[DATASET EXTRACT Boundary: Start]
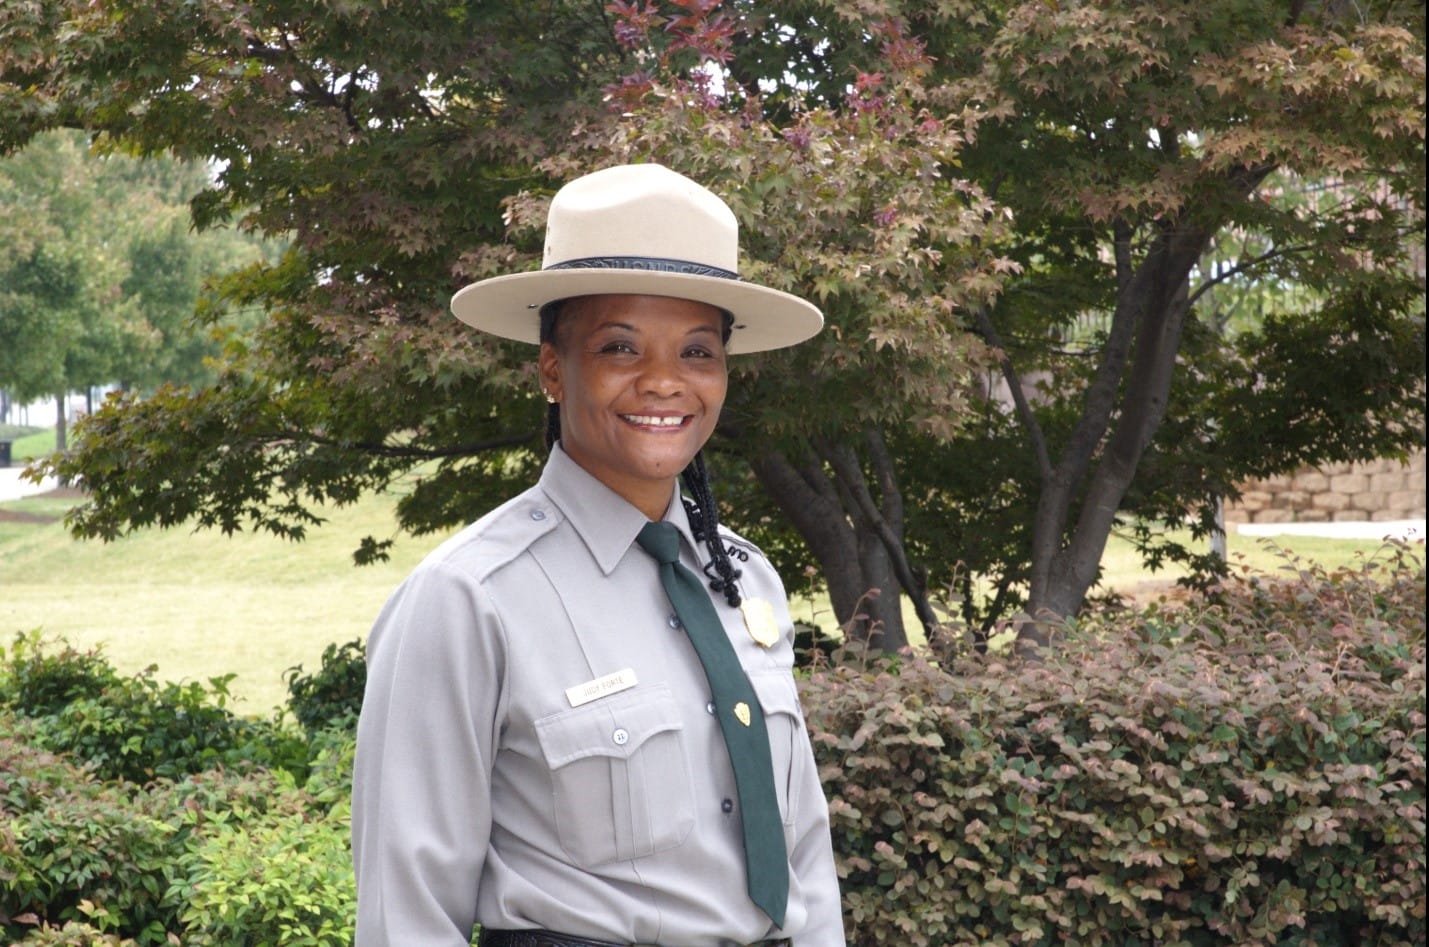 A woman wearing a hat and uniform standing in front of bushes.
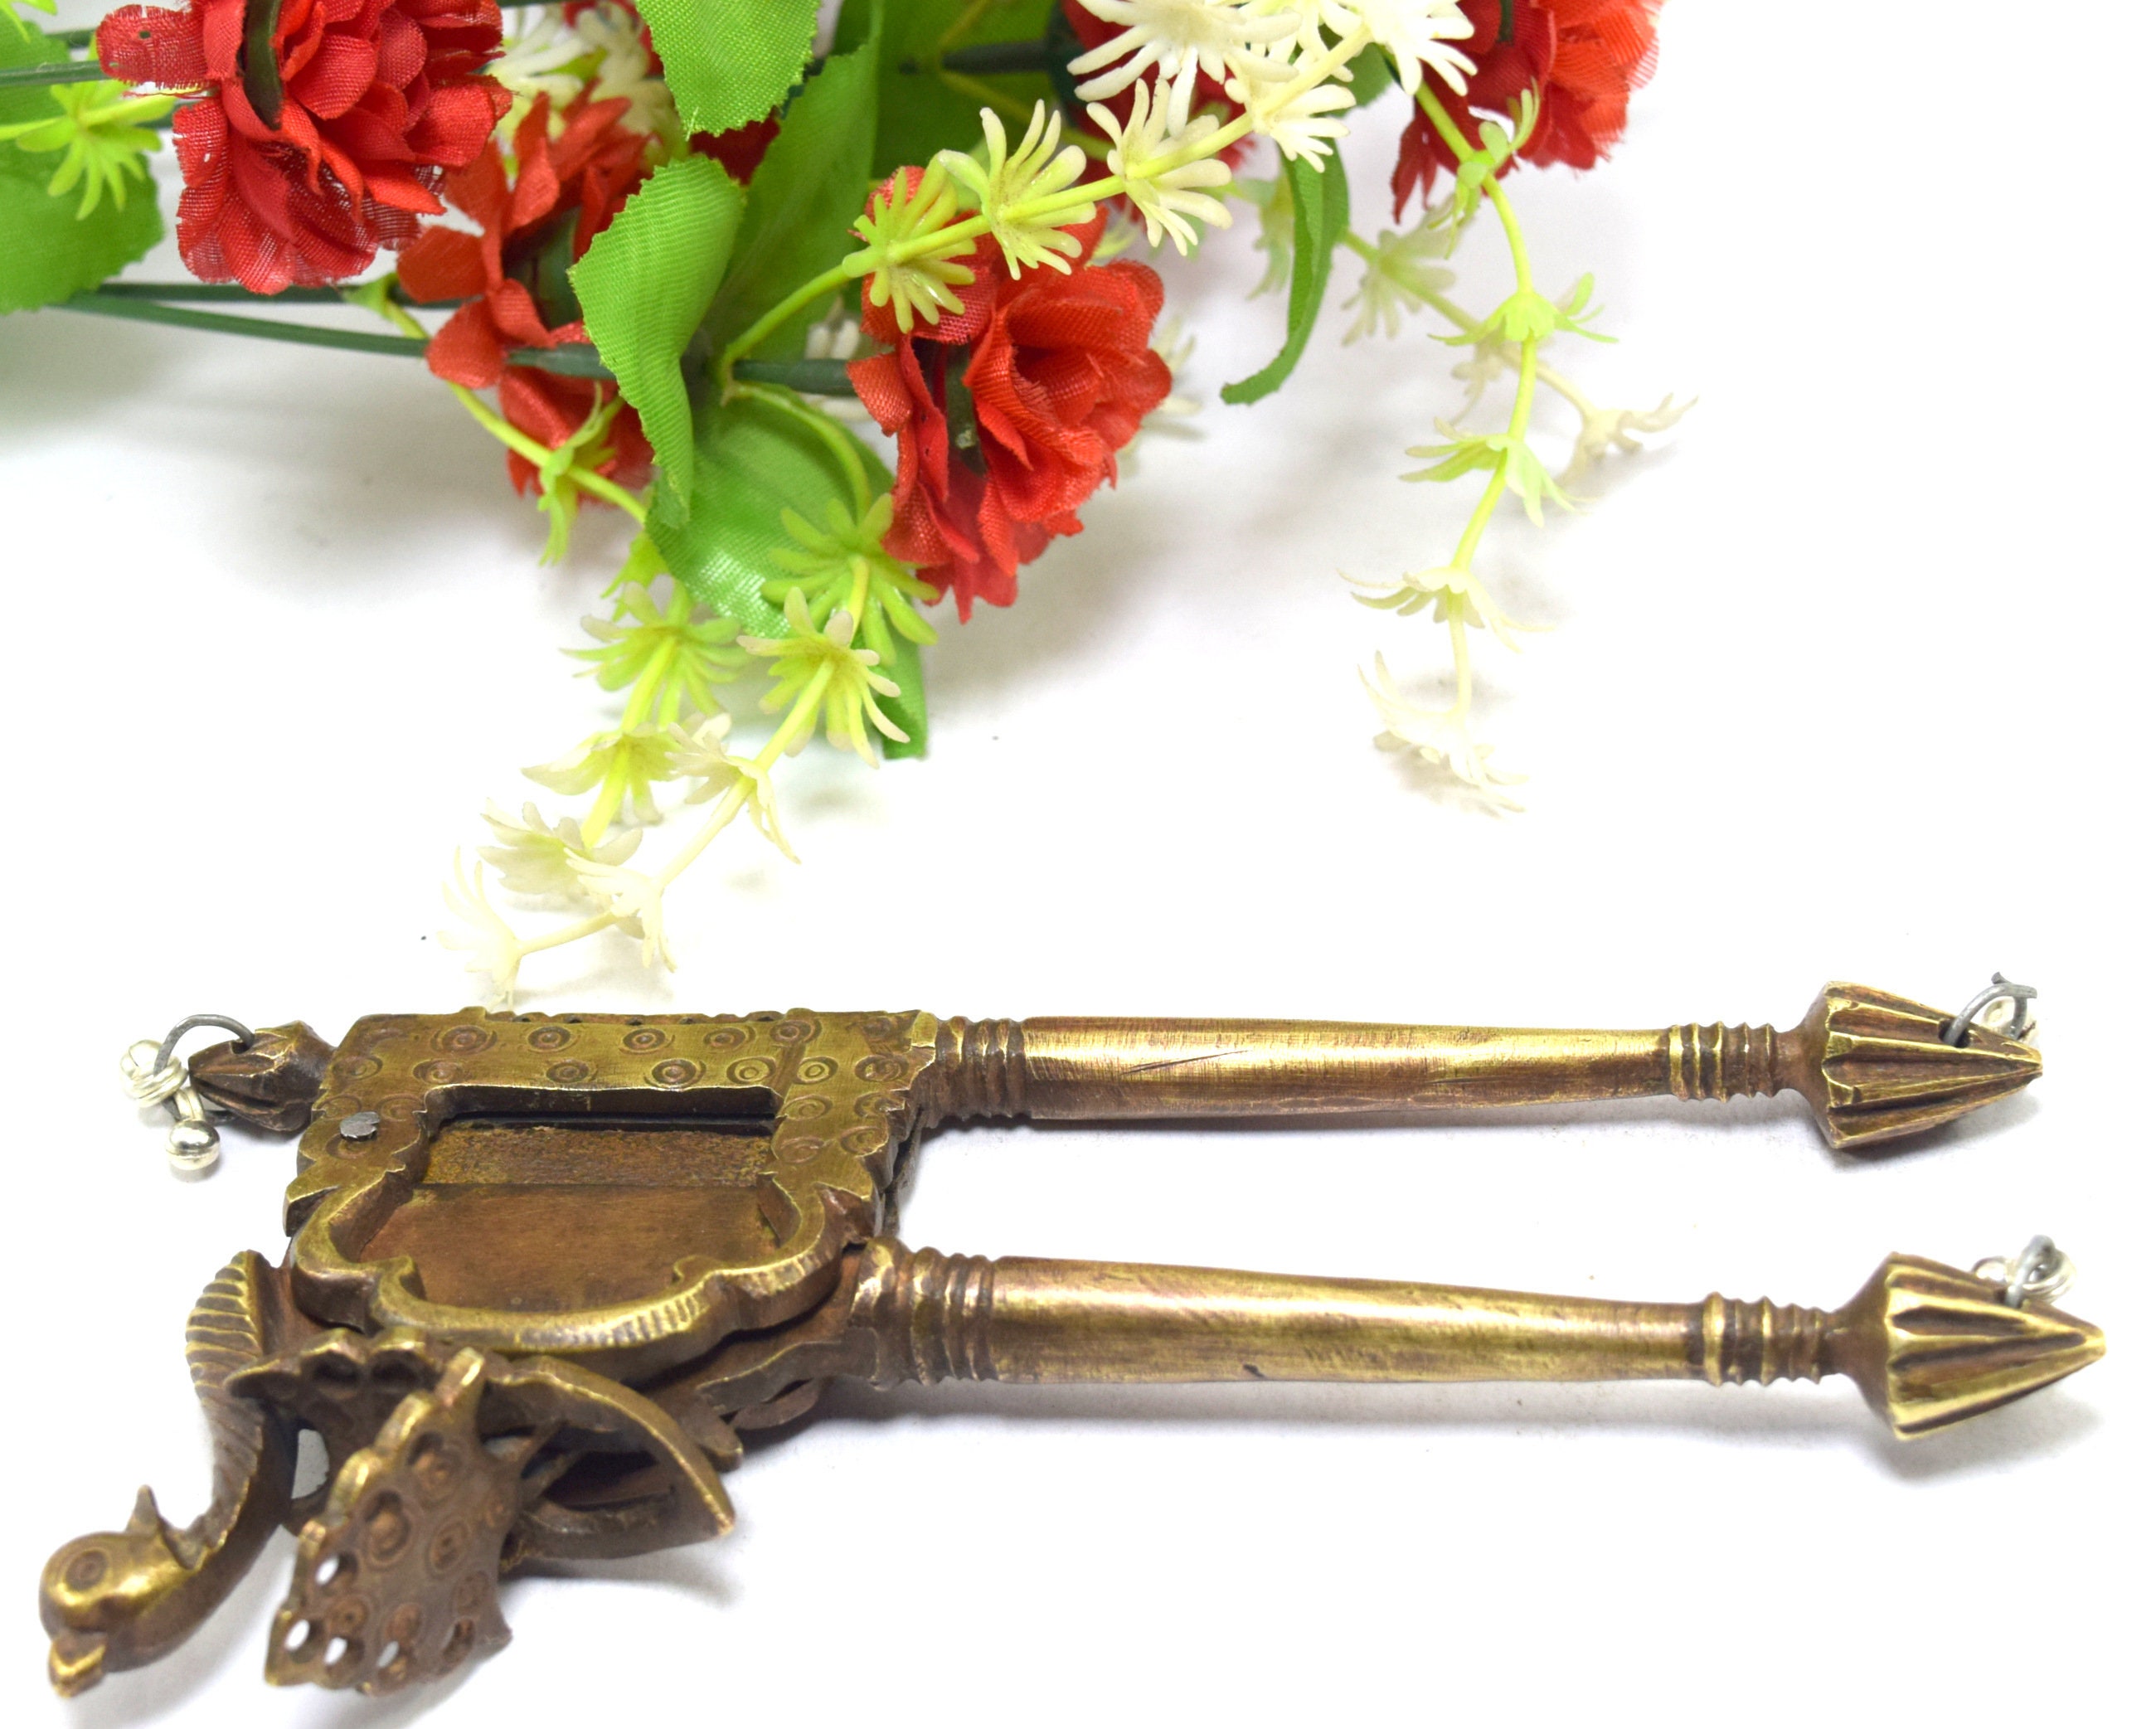 Vintage Brass Horse Betel Nut Cutter, South India (item #1396290)
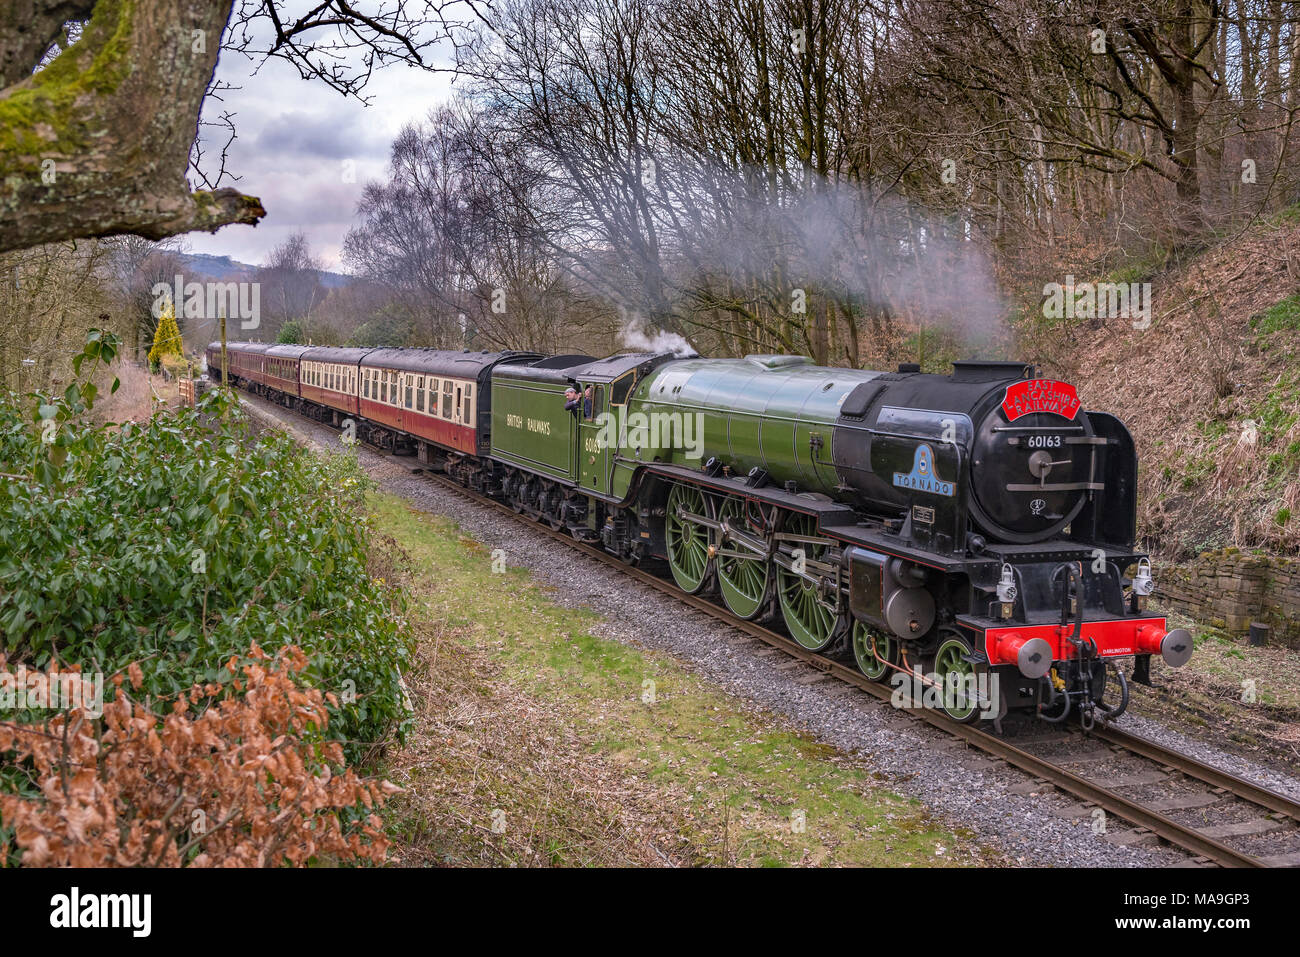 Summerseat, Bury.  United Kingdom.  30th. March 2018. Taking a break from steaming the main line at 100mph, Peppercorn class A1 Pacific locomotive 60163 Tornado takes and Easter break at a sedate 25mph on the East Lancashire heritage railway during their Easter Weeked. Tornado celebrates it's 10th birthday this year. Credit: John Davidson Photos/Alamy Live News Stock Photo
[DATASET EXTRACT Boundary: End]
• _WHAT IS BEING ASKED_: Starting at the first line of the listing above, write out each line exactly and nothing else until you reach the line containing "Vintage Brass Horse", which is included as well; omit all pictures.

• _FINISHED EXERCISE_:
 A woman wearing a hat and uniform standing in front of bushes.
 Vintage Brass Horse Betel Nut Cutter, South India (item #1396290)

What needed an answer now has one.